Trump: 'No way' Russia would invade Ukraine if he were still in power


WASHINGTON, United States-- Former US president Donald Trump boasted of his close relationship with Russian leader Vladimir Putin on Tuesday, arguing that the Ukraine crisis would not have happened under his administration.

Donald Trump (Xinhua/Yin Bogu / MANILA BULLETIN)

"If properly handled, there was absolutely no reason that the situation currently happening in Ukraine should have happened at all," he said in a statement.

"I know Vladimir Putin very well, and he would have never done during the Trump administration what he is doing now, no way!"

Russia is facing an international backlash after Putin ordered his forces into Ukraine to secure two breakaway enclaves.

The move came with tens of thousands of Russian soldiers on Ukraine's borders and amid warnings of an all-out invasion.

President Joe Biden imposed economic sanctions on the two enclaves, but on the question of penalties against Russia itself, a US official told reporters: "We are going to assess what Russia's done."

Biden will address the nation at 1:00 pm (1800 GMT) on Russia's actions, the White House said.

But Trump, who had been largely silent on the escalating Russian threat to the US ally, criticized the "weak" response which he said did not match Russia's actions.
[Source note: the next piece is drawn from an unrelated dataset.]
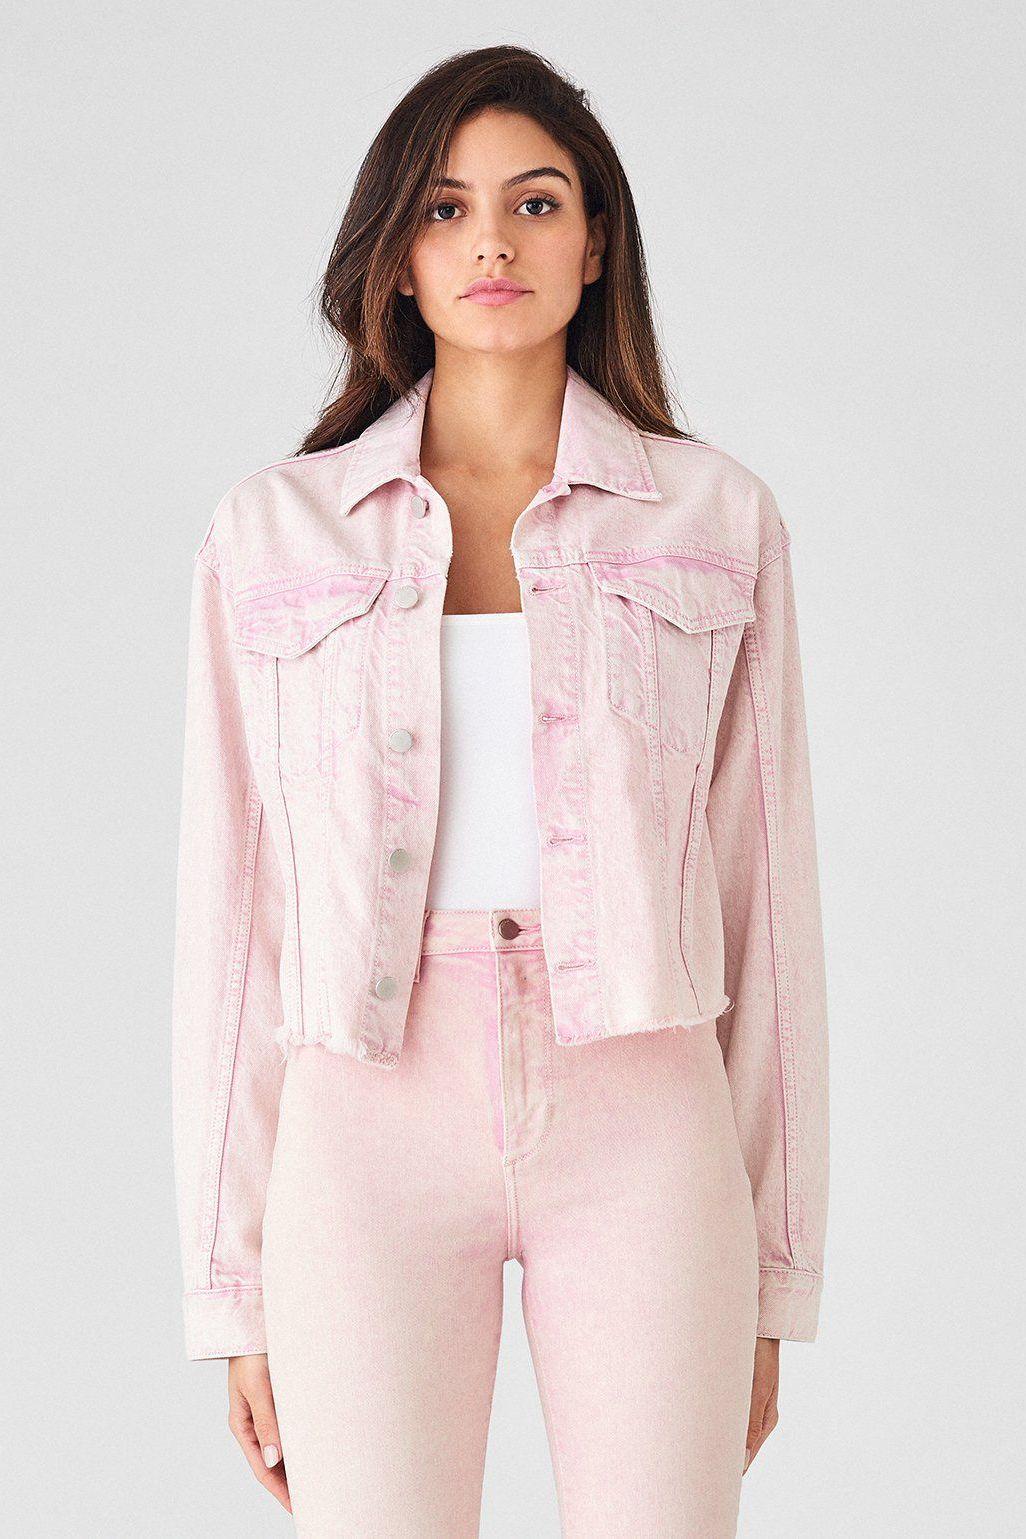 Editor's Choice Annie Cropped Jacket DL1961 $199.00 SHOP IT

"Now it has begun, oil prices are going higher and higher, and Putin is not only getting what he always wanted, but getting, because of the oil and gas surge, richer and richer," Trump added.

Former White House Russia advisor Fiona Hill told CNN Sunday that Trump's foreign policy had emboldened Putin.

The former president's foreign policy, she argued, had been driven by personal concerns rather than the national interest.

"There's no Team America for Trump. Not once did I see him do anything to put America first. Not once. Not for a single second," said Hill, one of Trump's most senior aides.

Ukraine found itself caught in a US domestic political firestorm when then-president Trump asked its leader to launch a spurious corruption probe into Joe Biden's family ahead of the 2020 presidential election.

Accusations that Trump tried to block military aid to pressure President Volodymyr Zelensky sparked the first of two impeachments of the Republican.